YOUR ASSIGNMENT
Every line from the one holding "Teppich Happy Sloth 120x170cm" through the one holding "Cat sitting inside" in the data below must be returned exactly, both ends included, with pictures left out and nothing else added.

MATERIAL PROVIDED
╭──
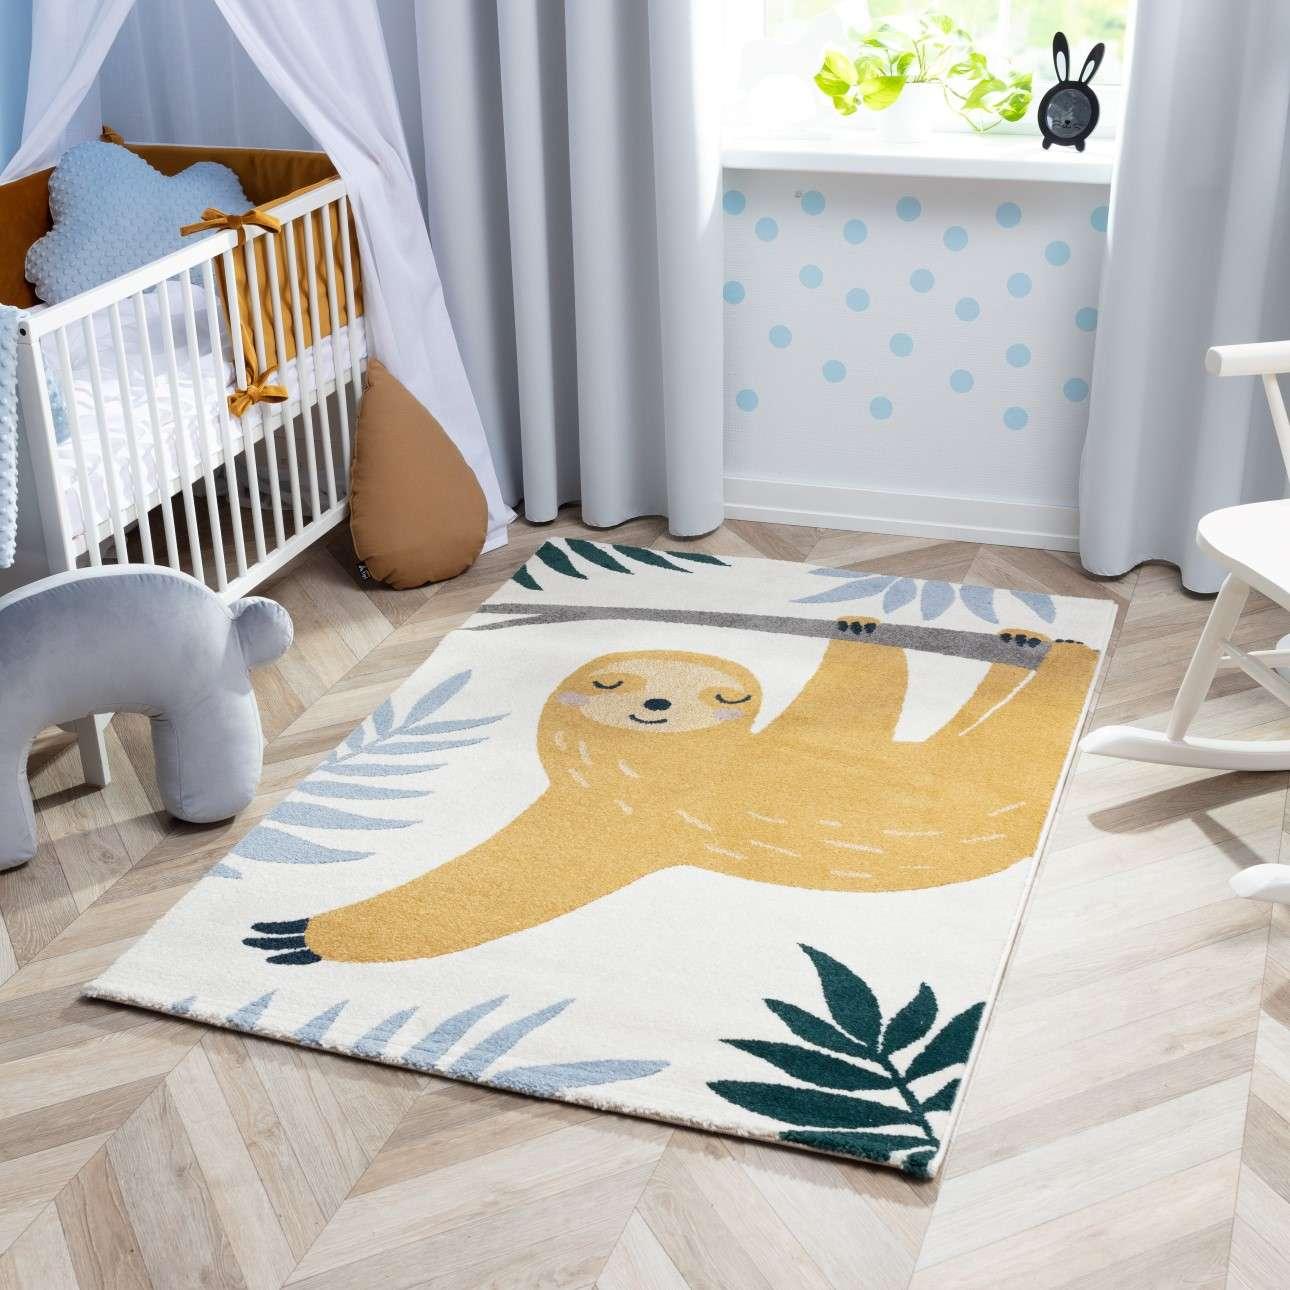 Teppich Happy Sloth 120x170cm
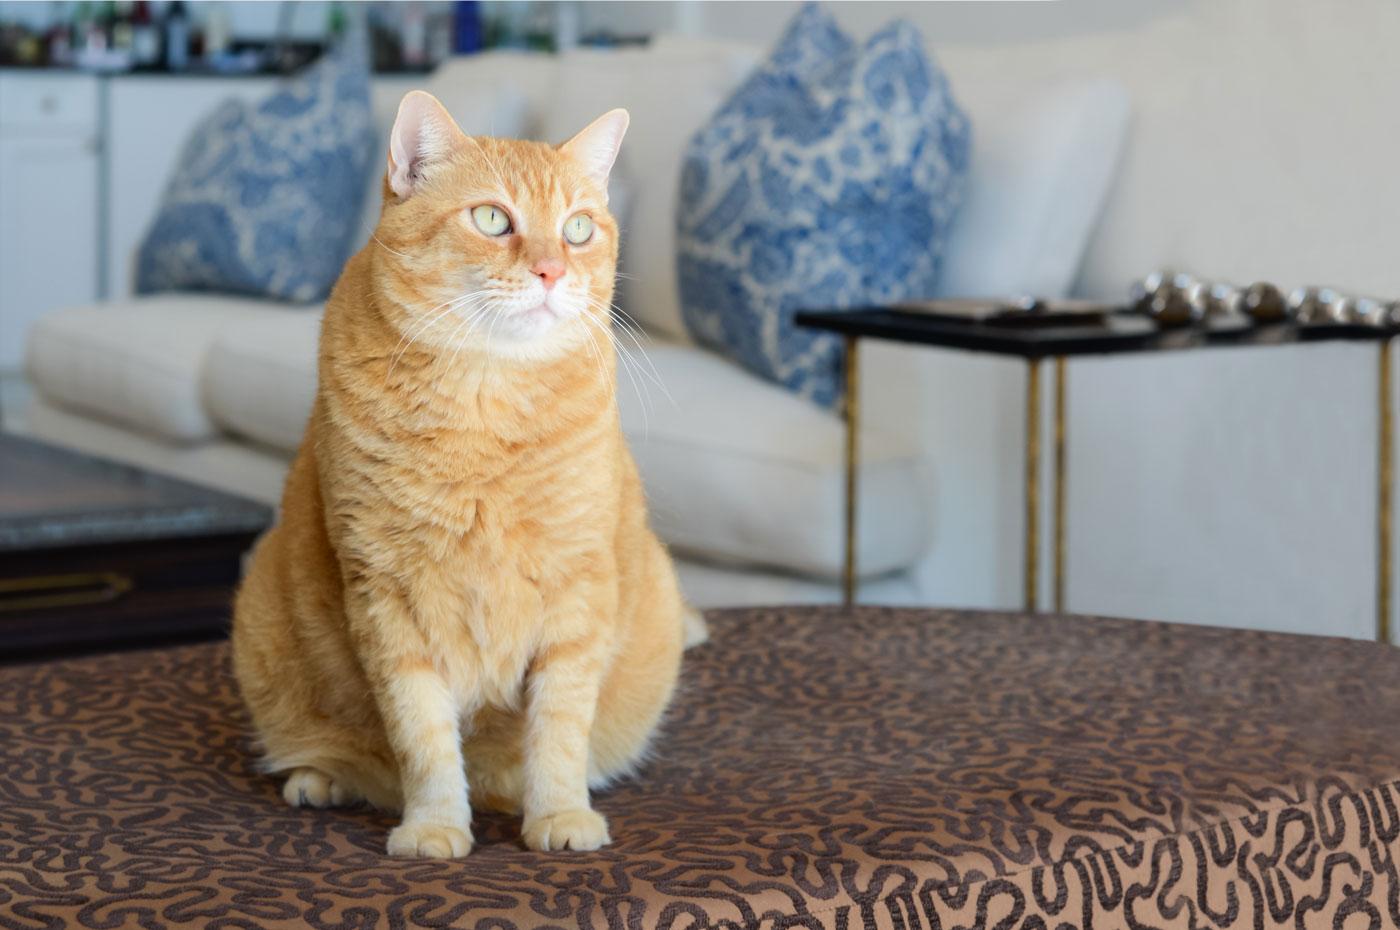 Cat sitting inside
╰──
╭──
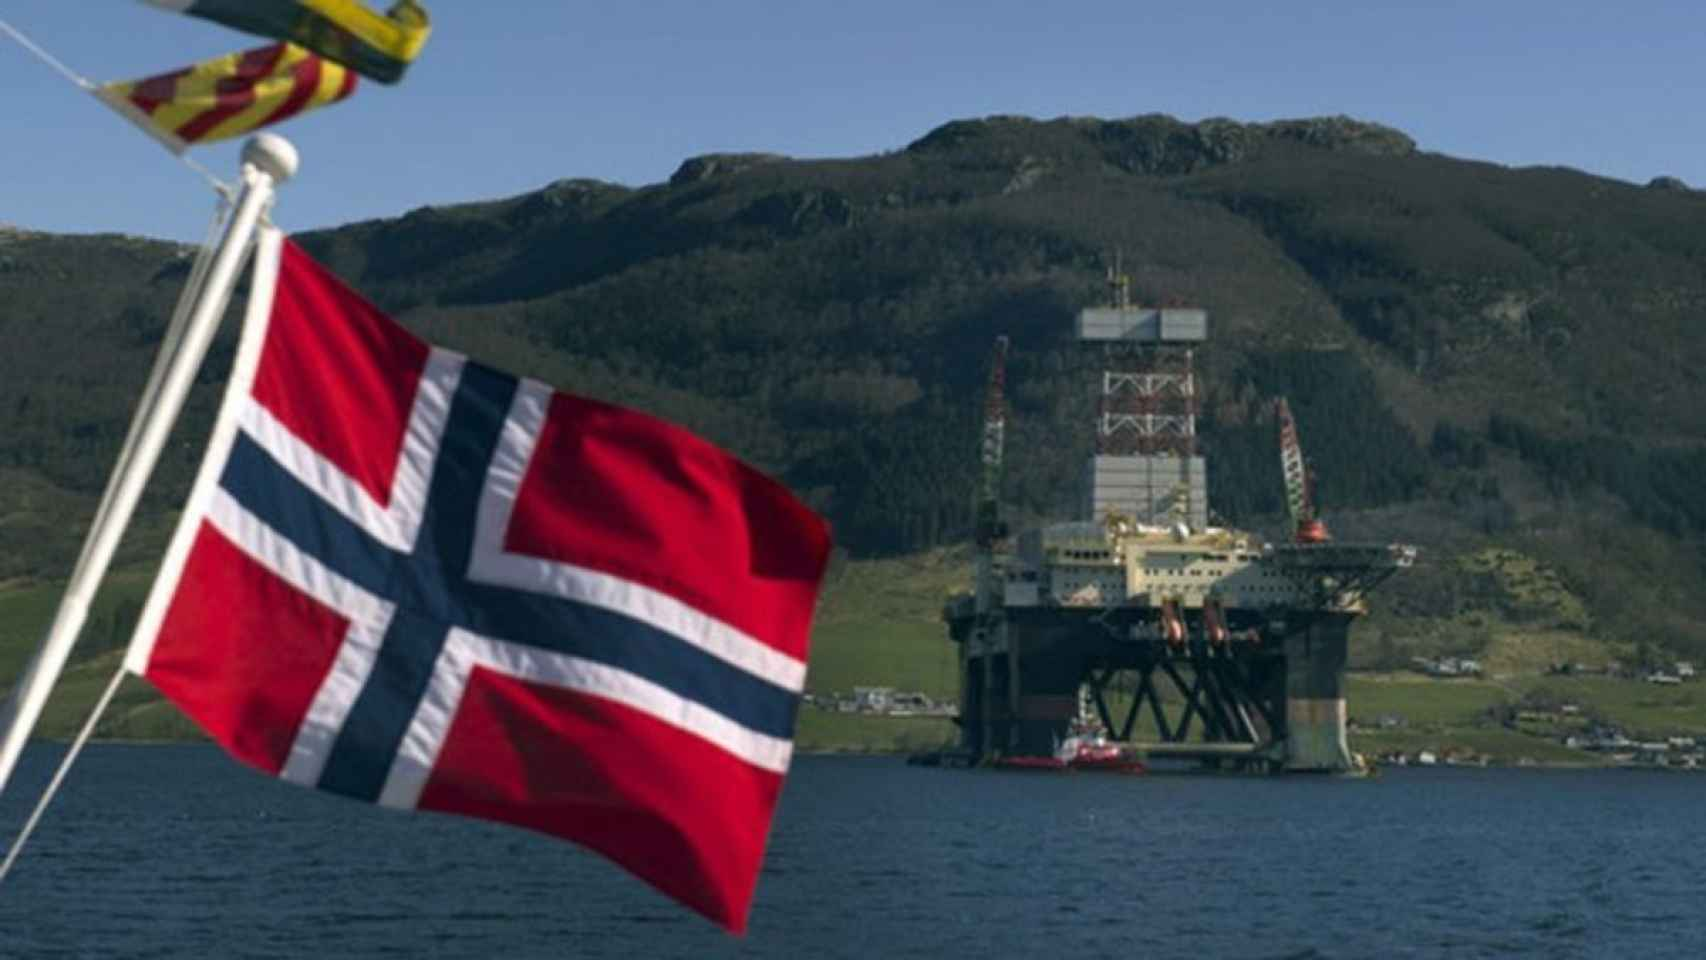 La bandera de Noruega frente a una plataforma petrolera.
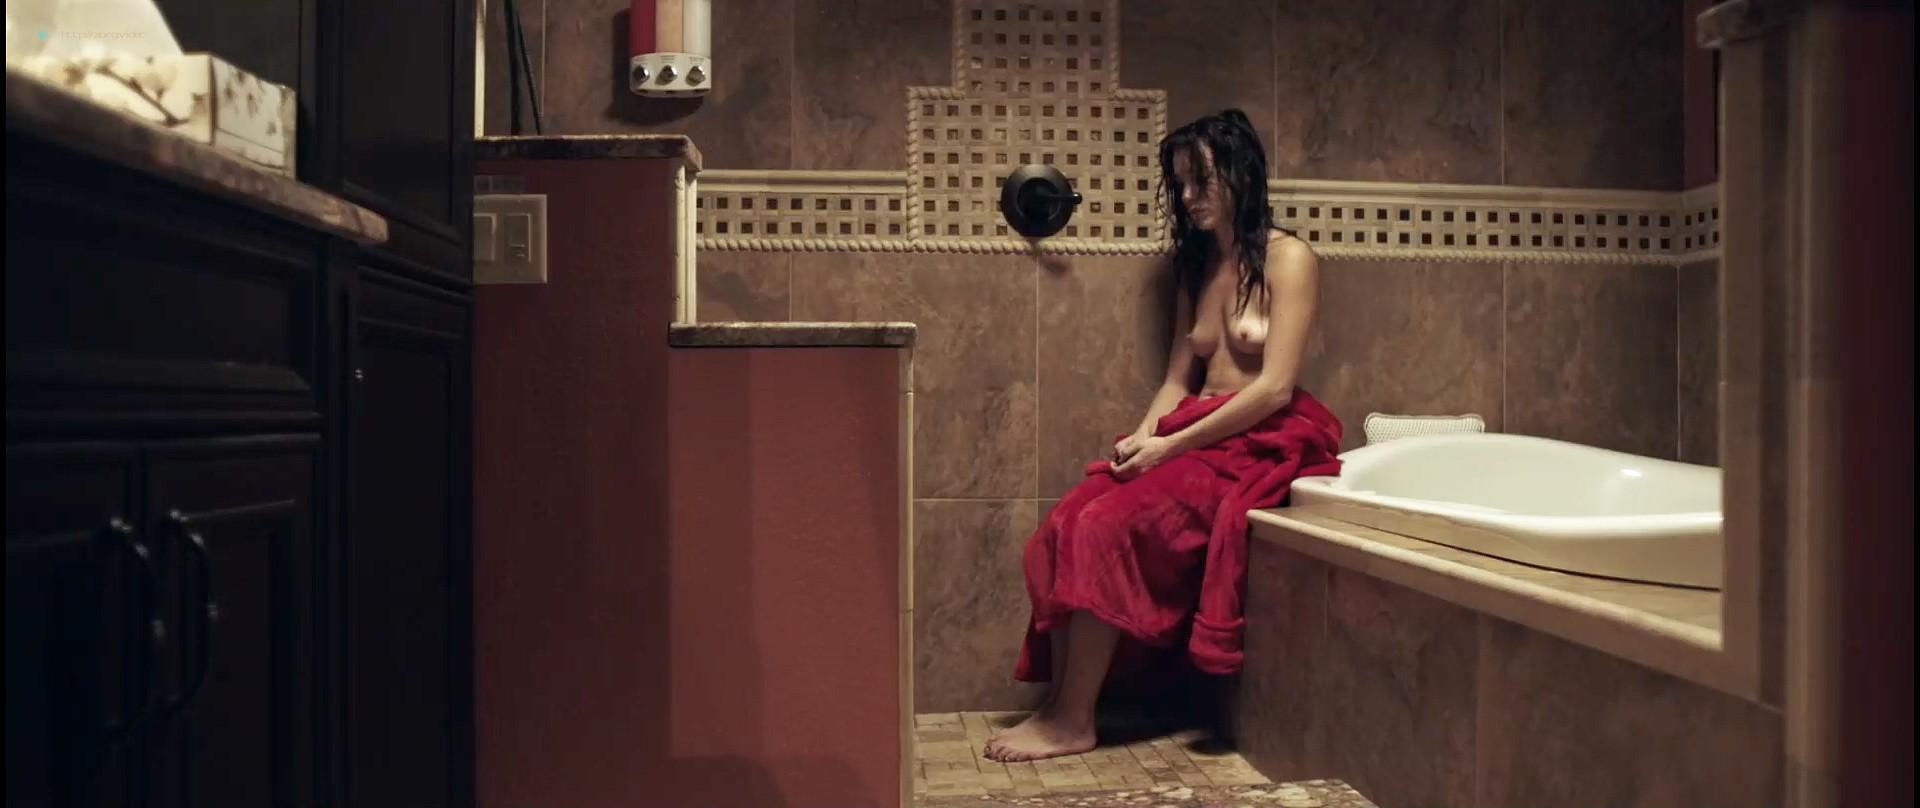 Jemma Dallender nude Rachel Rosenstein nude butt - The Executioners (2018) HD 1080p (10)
╰──
ANSWER TO THE EXERCISE
 Teppich Happy Sloth 120x170cm
 Cat sitting inside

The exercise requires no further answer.